Certainly, as these data mature and are developed into later-phase trials, they will become key components. It was a great study. It was good to see that there is some role for these important agents in these cancers, where we have a continued need for better and more complete therapies. Kudos to these investigators for a nicely done study.

Can Chemo Be Omitted in Esophageal Palliative Therapy?

I want to shift gears and talk about our palliative management of the esophagus. A very nice multinational study[2] created some controversy on the floor. Looking at the palliative setting for esophageal cancer treatment by using either a combination of radiation with chemotherapy or radiation itself, the investigators found that there didn't seem to be a significant difference in terms of clinical efficacy or clinical benefit by omitting chemotherapy and using radiation as monotherapy. From a tolerance point of view, as one might expect, the radiation single-therapy arm was better tolerated in their report as compared with the concurrent therapies.

Of interest, an important deficiency that they acknowledged is that there was no chemotherapy-alone arm. Because this is an incurable disease and one in which we are worried about new metastases as well as local control, it is worth noting and inquiring about the benefit that might be seen in that group.

The other thing worth calling attention to is the impressive survival rates that were reported, impressive to the point that some may be a little skeptical of them. In the radiation-alone arm, patients had an average survival of 203 days, which is very good if you consider that these are patients who have a disease that was not in any way being systemically controlled.

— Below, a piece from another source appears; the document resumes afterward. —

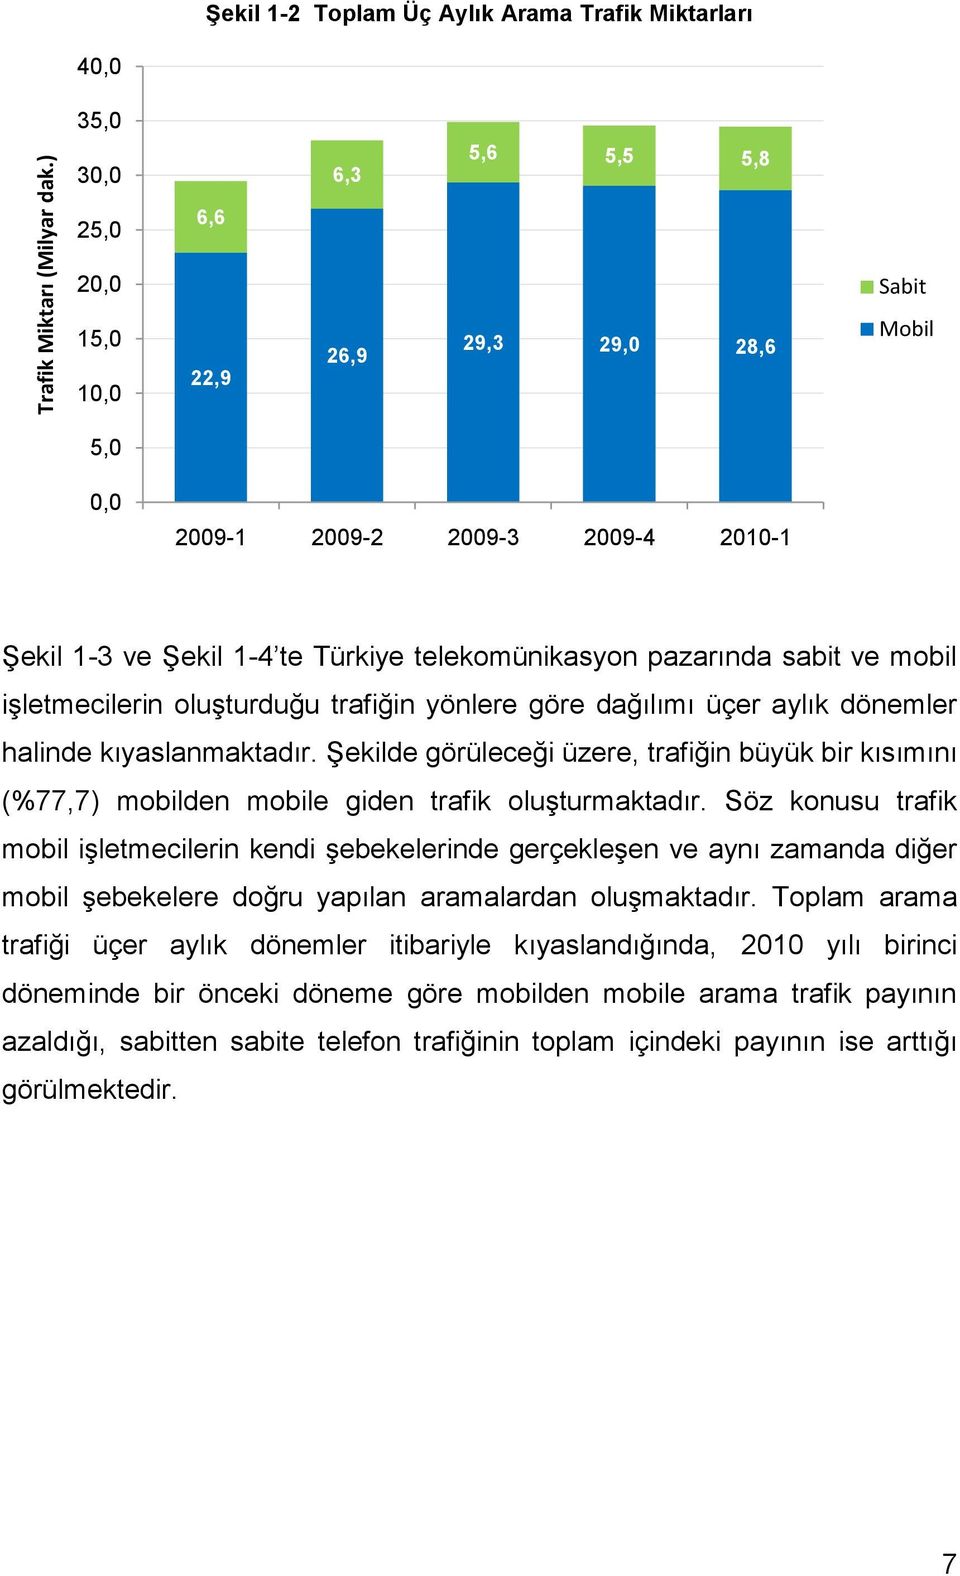 Şekil 1-4 te Türkiye telekomünikasyon pazarında sabit ve mobil işletmecilerin oluşturduğu trafiğin yönlere göre dağılımı üçer aylık dönemler halinde kıyaslanmaktadır.

This study does not answer any questions, nor is it paradigm-changing. But it does bring up a couple of considerations for palliative management: Do we need to be as aggressive with combined therapy? Is there a role for further exploration of a monotherapy? The answer to the exploration question is "yes." We need to better establish radiation as a therapy on the basis of this one study, but also take a look at how chemotherapy as a single modality of treatment might have performed as a separate arm in this study, to see where that would fit in the paradigm. Nevertheless, we are always looking for better palliative options for our patients, so this is something to consider.

It was a great meeting. If you weren't there, I hope that in the future you can make the trip. It is always very informative and educational. It is great to have some of the world leaders in gastrointestinal malignancies come together in one meeting. I found it very informative and very useful, and I hope that in the future you can, too.

I want to thank you very much for listening today. I'm Brandon Smaglo, coming to you from Georgetown in Washington, DC.